Kerusakan Taman Bungkul Jadi Pelajaran untuk Semua Pihak

By , Rabu, 14 Mei 2014 | 11:18 WIB
()

Yayasan Keanekaragaman Hayati Indonesia (KEHATI) menegaskan bahwa rusaknya Taman Bungkul di Surabaya bisa menjadi pelajaran semua pihak. Terlebih lagi, kerusakan juga menimpa tanaman langka yang ditanam di taman tersebut.

"Seharusnya dalam memanfaatkan fasilitas taman, semua orang harus mempunyai tanggung jawab yang tinggi untuk ikut menjaganya," ujar Direktur Eksekutif Yayasan KEHATI MS Sembiring dalam pernyataan pers, Rabu (14/5).

Menurutnya, taman memang sudah seharusnya digunakan sebagai fasilitas umum, akan tetapi para penggunanya harus sadar bahwa mereka harus tetap menjaga lingkungan taman.

Setidaknya 5 jenis tanaman langka di Taman Bungkul rusak akibat terinjak-injak masyarakat yang berebut pembagian es krim gratis, pada Minggu (11/5). (Habibur Rohman/Surya)

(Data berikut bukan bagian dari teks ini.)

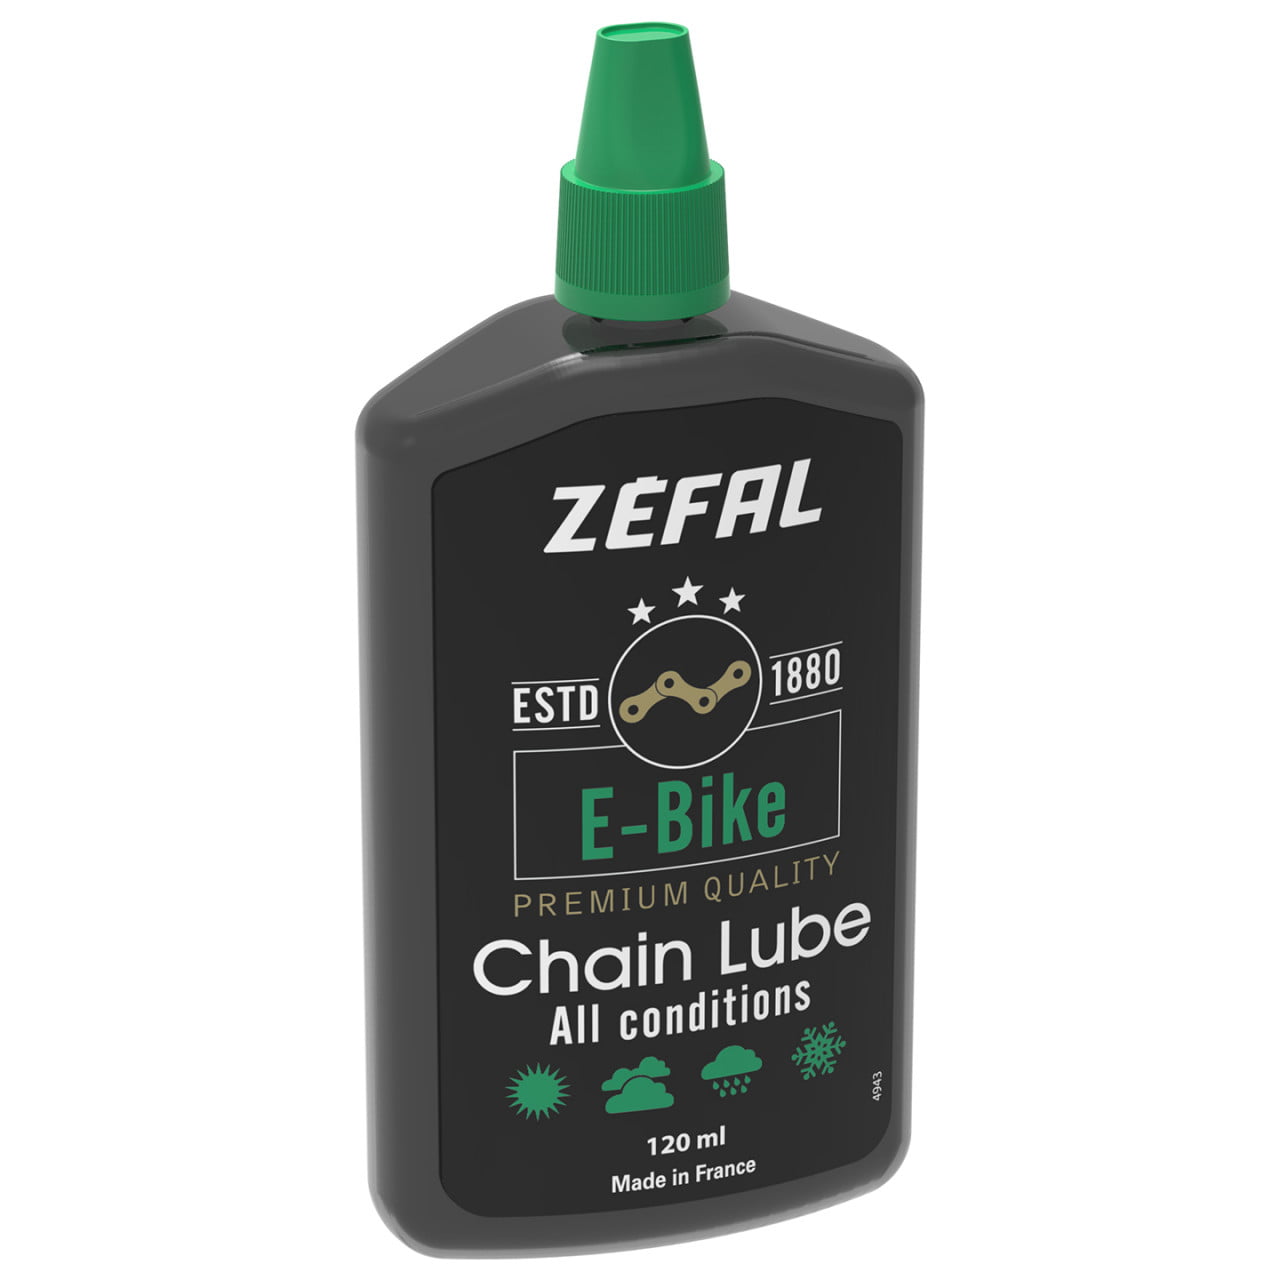 E-Bike 120 ml Chain Lube

Seperti yang dilaporkan di media massa, Kepala Dinas Kebersihan dan Pertamanan (DKP) Kota Surabaya, Chalid Buhari menyebutkan bahwa kerusakan di Taman Bungkul tersebut meliputi lima tanaman langka yaitu bintaro merah, beringin putih, joklan, anggur laut, dan pagoda. Tidak hanya itu saja, beberapa tanaman lain juga ikut rusak karena terinjak-injak oleh pengunjung acara.

Padahal dalam konteks ekologis, taman kota memiliki peran yang sangat penting. Selain sebagai ruang terbuka hijau yang menjadi paru-paru kota karena fungsinya yang menyerap karbondioksida dan menghasilkan oksigen, taman kota juga penting sebagai resapan air yang nantinya mendukung ketersediaan air bagi penduduk kota.

Taman kota juga berfungsi sebagai sarana untuk melestarikan plasma nutfah. Taman kota adalah bentuk pelestarian keanekaragaman hayati diluar kawasan konservasi. Tanaman langka yang berada di taman dapat menjadi referensi dan edukasi terhadap publik.

Melihat kerusakan tersebut, bagi penyelenggara acara, MS Sembiring meminta untuk lebih bijaksana dalam memilih lokasi kegiatan. Jika harus menggunakan taman, maka penyelenggara harus memiliki tanggung jawab yang tinggi untuk ikut menjaga taman tersebut. Karena kerusakan yang terjadi justru mencoreng muka penyelenggara acara itu sendiri. Penyelenggara acara seharusnya justru ikut memberikan pendidikan pada masyarakat tentang menjaga lingkungan.

Kemudian, MS Sembiring juga menghimbau kepada pemerintah daerah untuk lebih proaktif dalam menjaga taman-taman ini. "Peraturan dan izin harus diperjelas sehingga penggunanya akan lebih bertanggung jawab," katanya. Taman sebagai fasilitas umum memang harus digunakan oleh masyarakat, akan tetapi pemerintah juga harus aktif untuk memberikan batasan-batasan yang jelas agar ke depan tidak ada lagi taman-taman yang rusak karena sebuah acara. Batasan dan aturan tersebut harus disosialisasikan dengan jelas.

Selain adanya kerusakan di Taman Bungkul, acara yang sama juga membuat tumpukan sampah di Balikota Bandung di Jalan Wastukencana. Hal seperti ini tentunya dapat dihindarkan jika penyelenggara acara dan pengunjungnya peduli terhadap lingkungan.